Segundo Cris Azzi, o resultado alcançado foi fruto de muita conversa com as meninas, na fase de pré-produção, com a preparação de elenco, ensaios e muito diálogo com ele e o diretor de fotografia, Luís Abramo. "Já nos ensaios, apresentamos a câmera para elas, a fim de quebrar com aquela barreira normal, que se forma no set, no período de filmagem. Há cenas em que o Luís colocava a câmera muito próximo dos rostos da Ana e da Eduarda e elas precisavam se familiarizar com esse processo. O roteiro também contou com uma colaboração das meninas. Muitas falas que ouvimos no filme, são de autoria delas. Faltando uma semana para o inicio das filmagens, o roteiro foi revisitado", explica.

Além disso, diariamente, após um dia de filmagem, Cris Azzi refletia sobre as imagens captadas nas cenas do dia. Foi esse exercício que proporcionou repetições de takes e correções. Um exemplo disso, foi a repetição da cena em que Luana dança para Emília diante de uma webcam. "Optamos por repeti-la com o plano mais fechado", diz Azzi.

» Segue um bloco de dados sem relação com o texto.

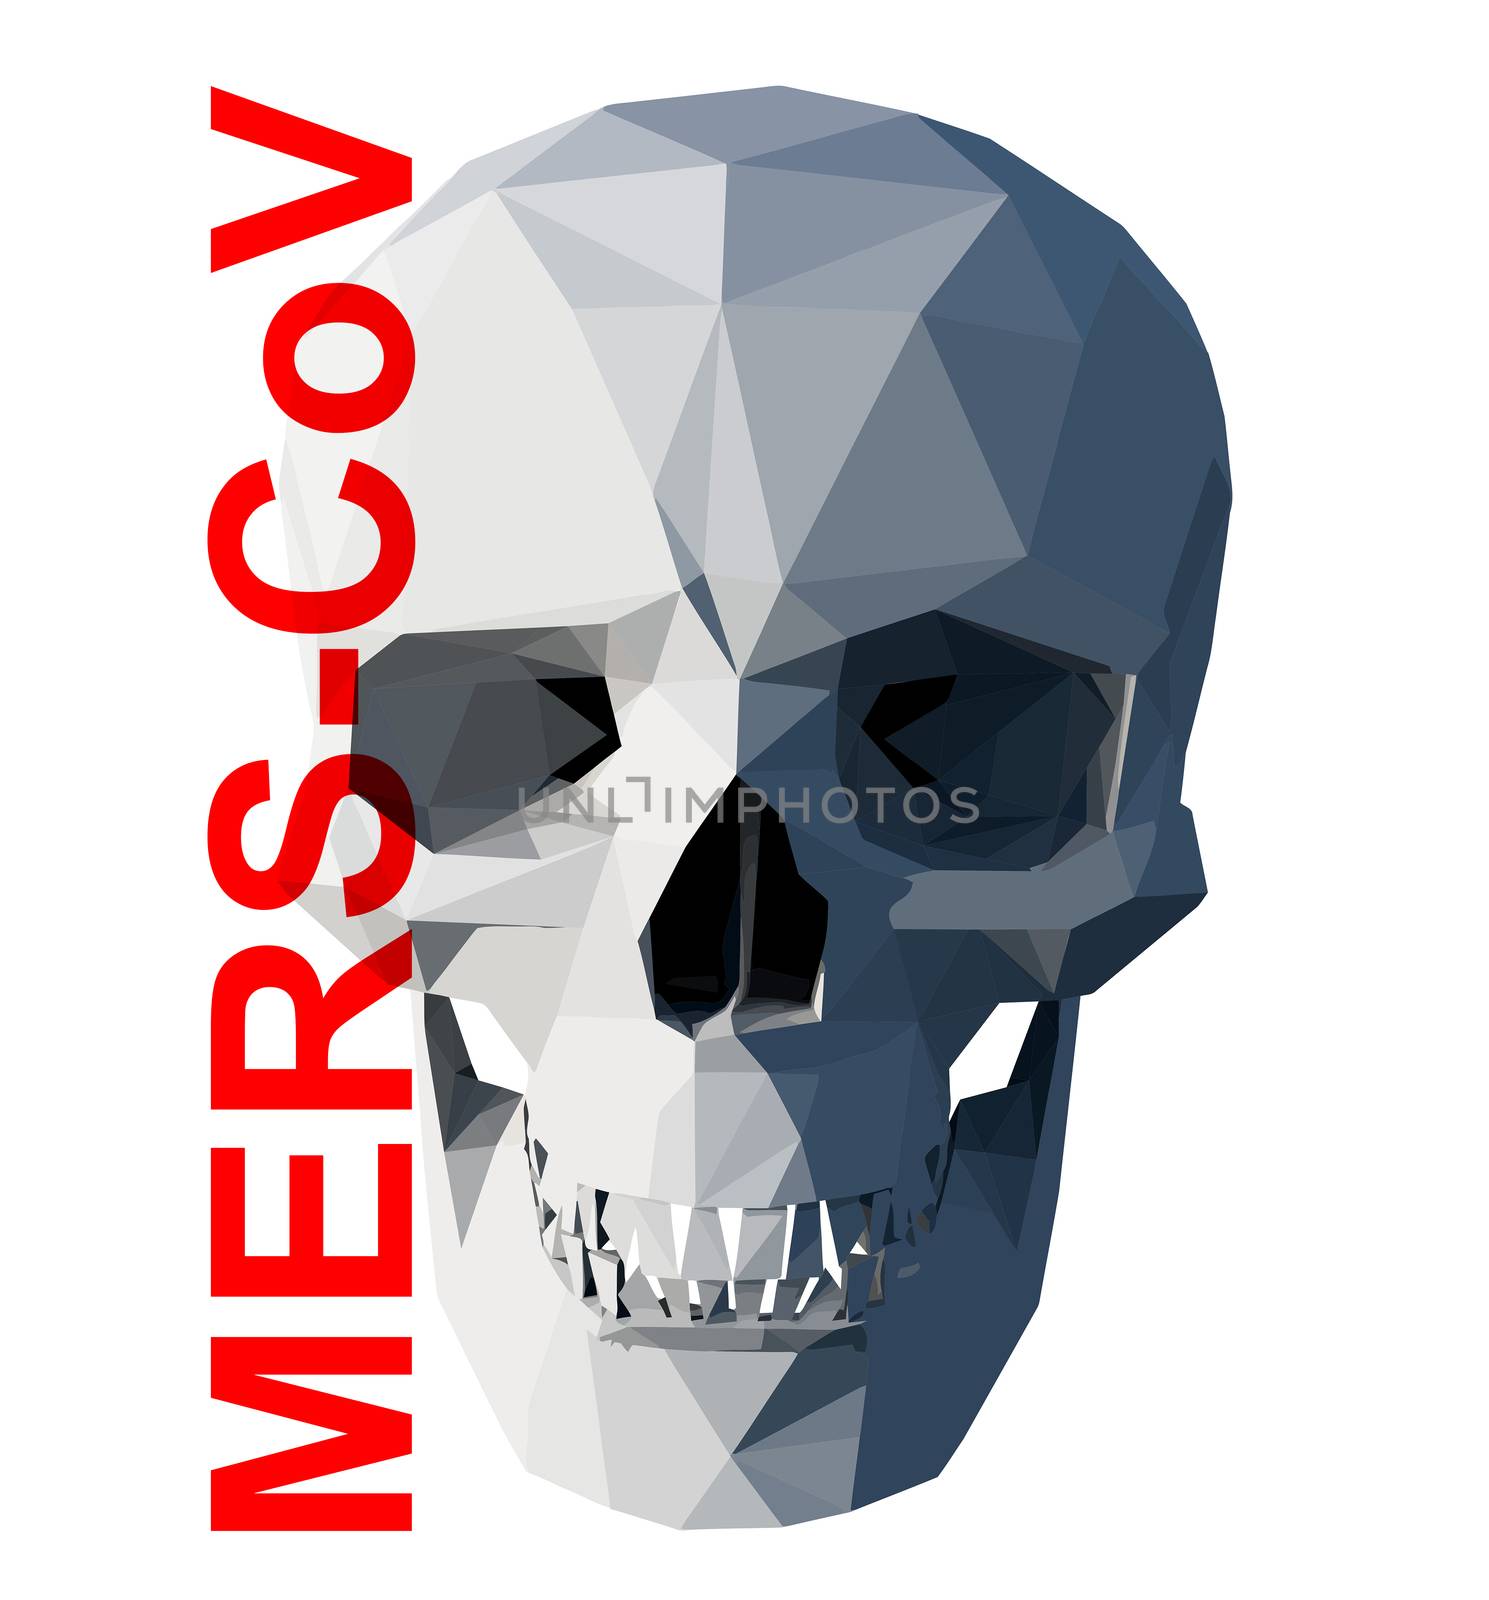 mers-cov virus warning sign. 3d concept

O filme também ganha força nas cenas performáticas de Luana (reais ou delirantes) em que são usadas máscaras confeccionadas pela diretora de arte Maíra Mesquita. O talento da diretora de arte também perpassa pela idealização de certos ambientes (local da festa noturna, o quarto de Luana), aliado ao figurino de Caroleta Maurício.

Ainda que certos temas sejam apresentados, mas não desenvolvidos profundamente (poliamor, tentativa de estupro) "Luna" traduz-se como um filme edificante em torno de temas urgentes como sororidade e empoderamento feminino. Por conta do viés político do Festival de Brasília, torna-se um forte candidato a levar alguns candangos para casa. Aguardemos!!